### What you are asked to do
Using the entries below, copy exactly each line from the line with "Beautiful stock photos" up to and including the line with "Outlast v2 %100 Türkçe Yama", with every picture left out.

### Available data
════════════════════

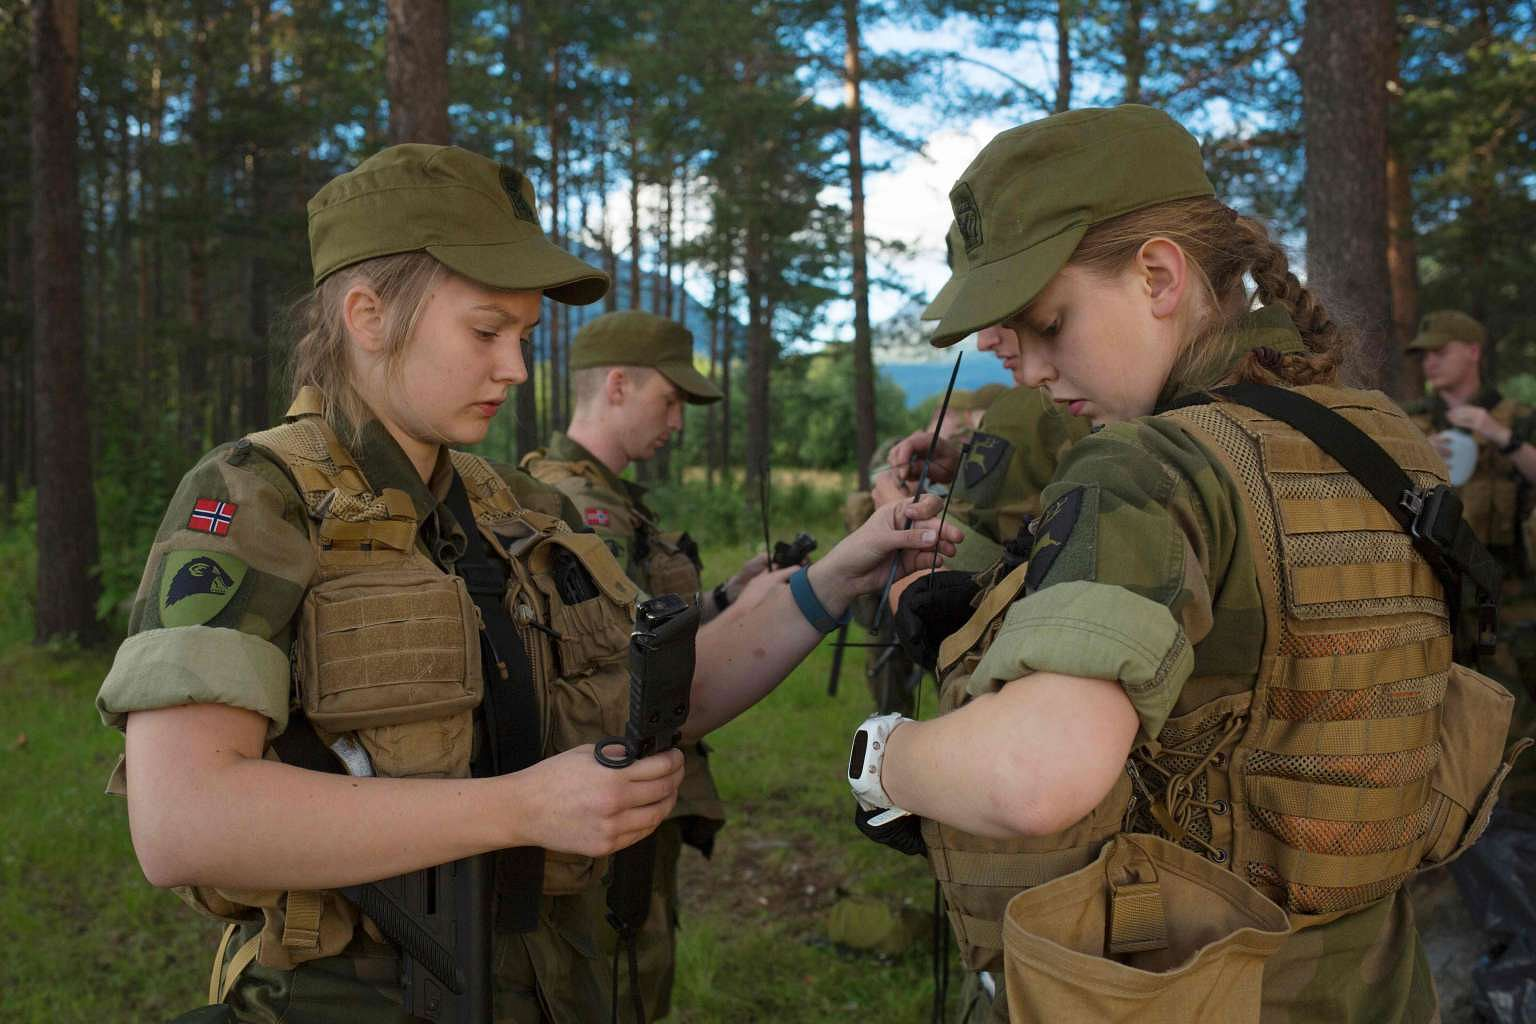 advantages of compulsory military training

════════════════════

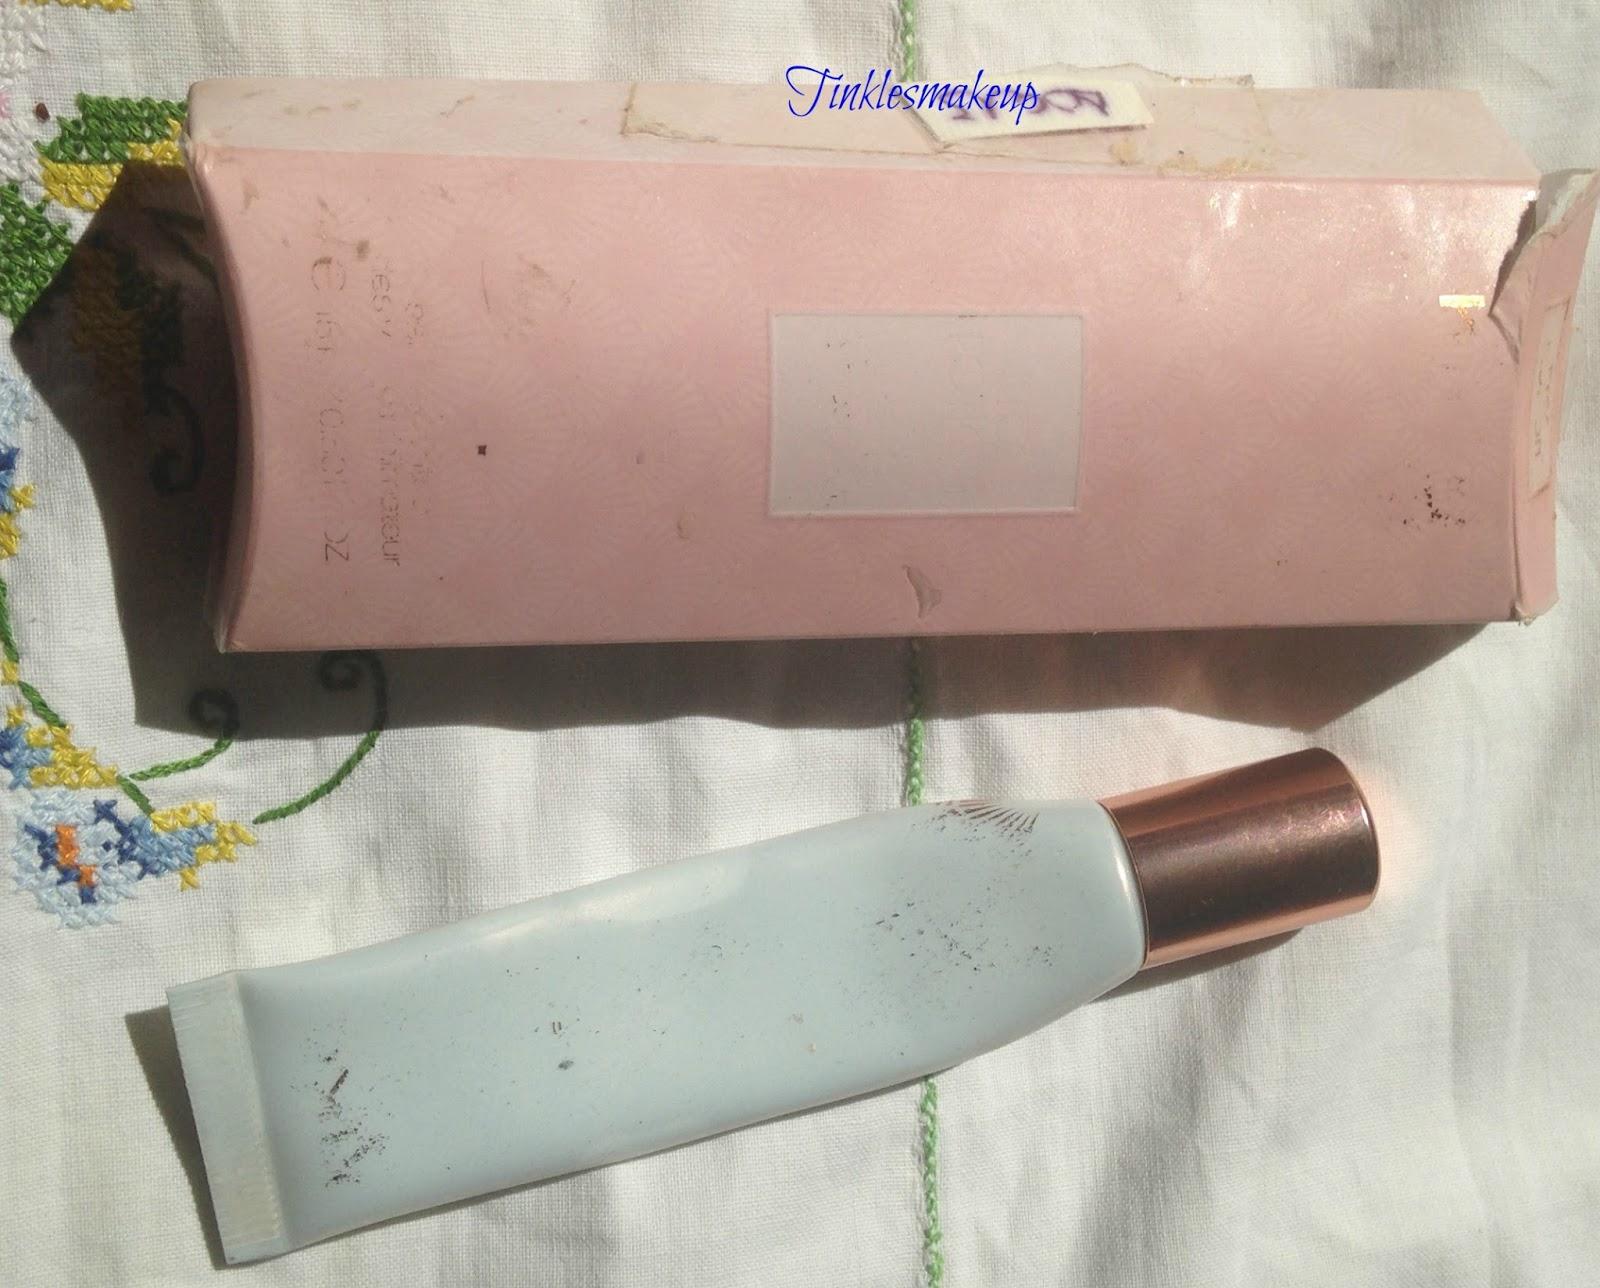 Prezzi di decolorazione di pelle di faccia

════════════════════

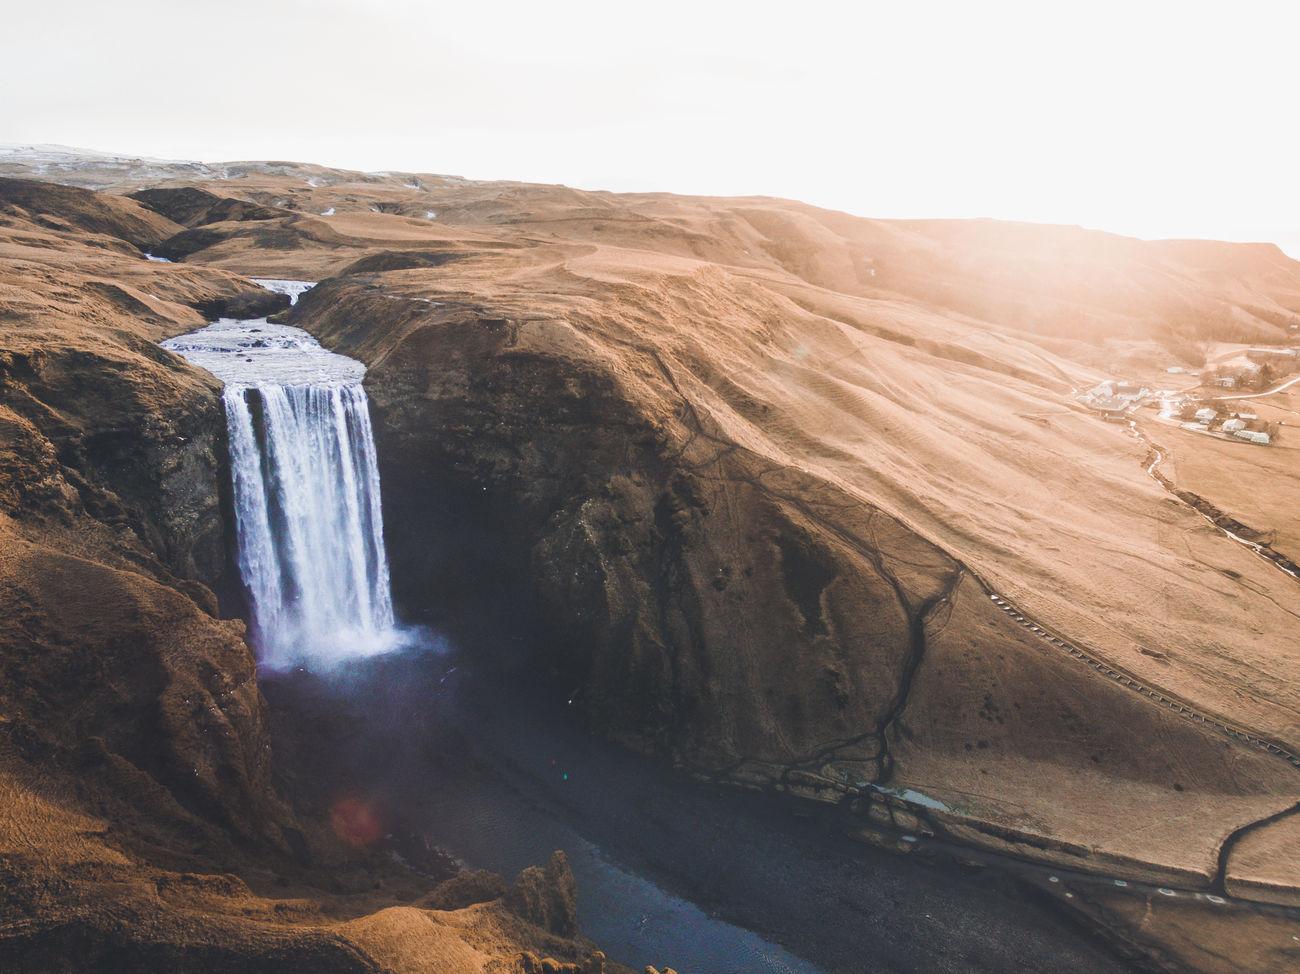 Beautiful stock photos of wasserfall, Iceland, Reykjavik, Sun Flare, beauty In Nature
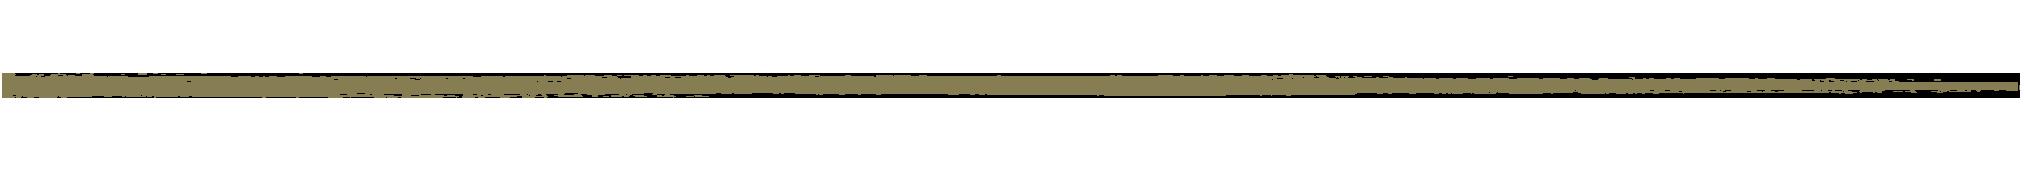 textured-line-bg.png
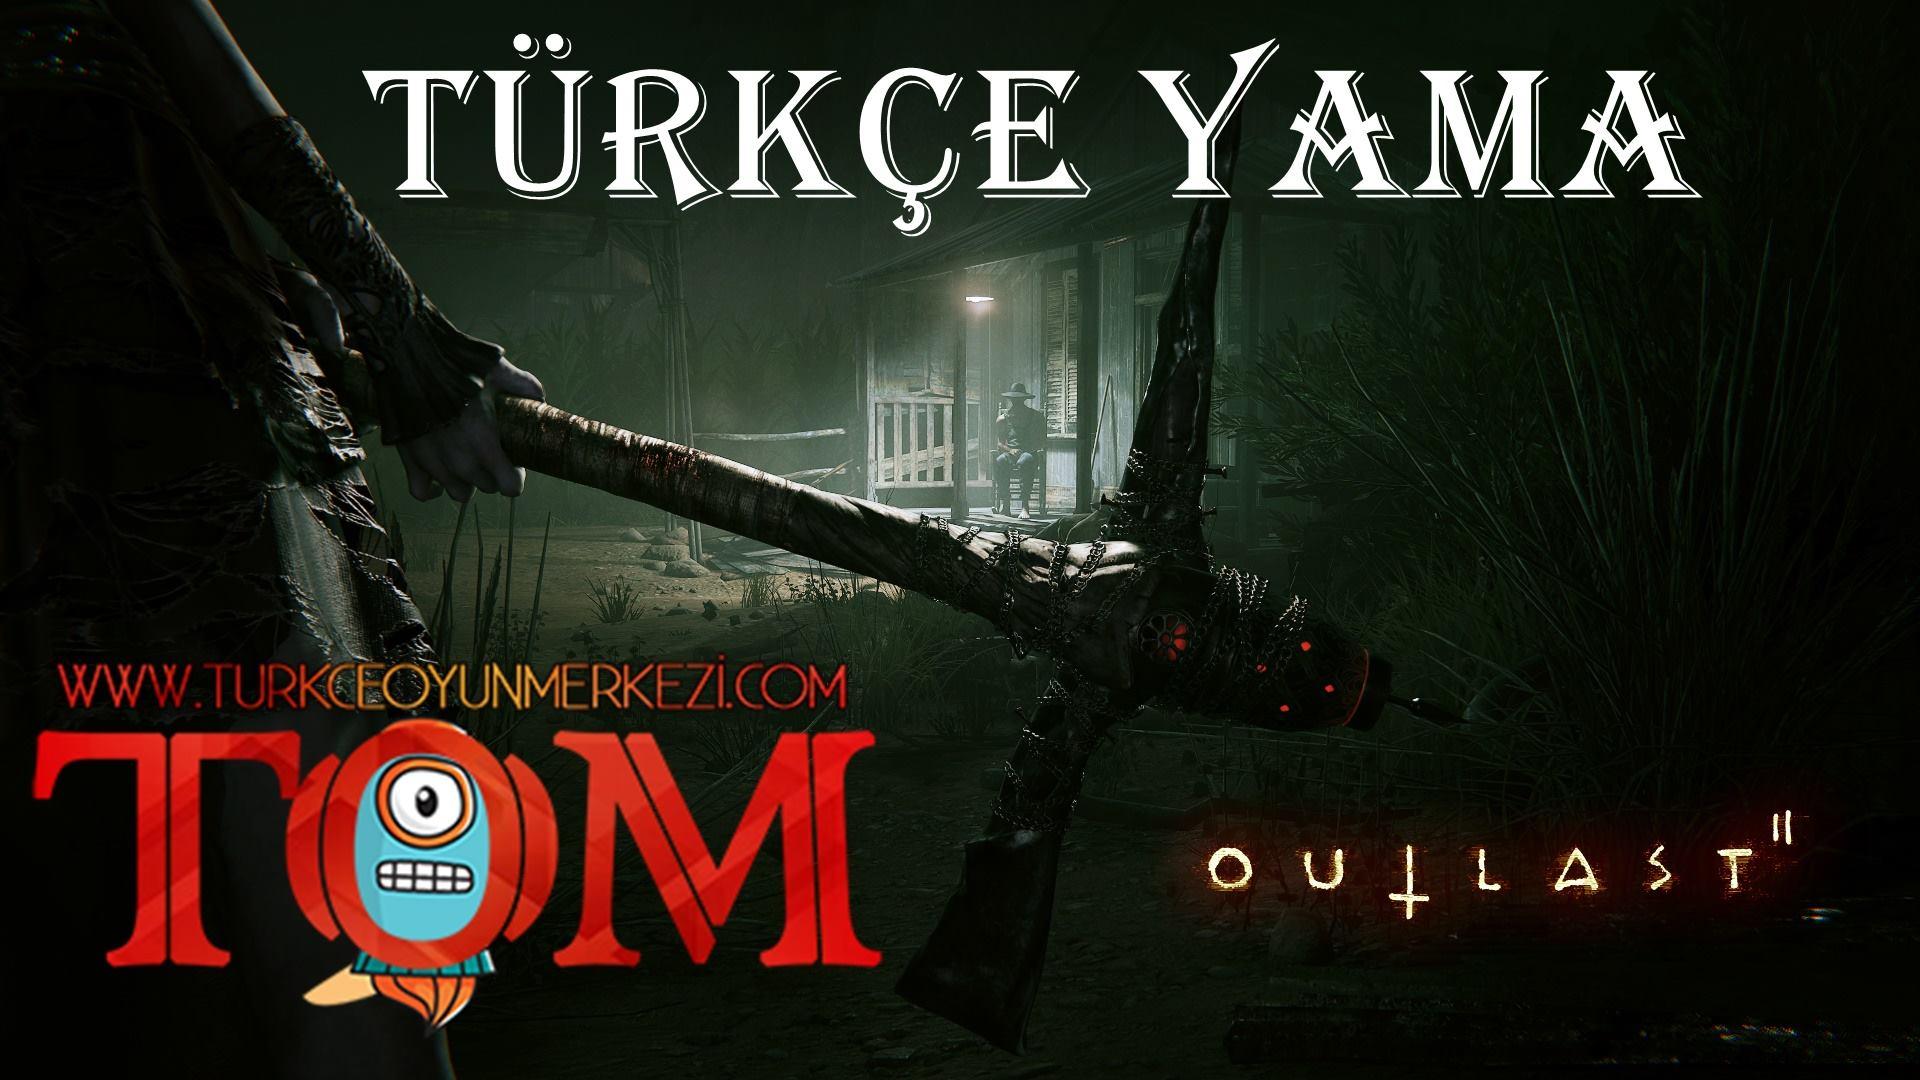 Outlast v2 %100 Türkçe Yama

════════════════════

### Exercise result
 Beautiful stock photos of wasserfall, Iceland, Reykjavik, Sun Flare, beauty In Nature
 textured-line-bg.png
 Outlast v2 %100 Türkçe Yama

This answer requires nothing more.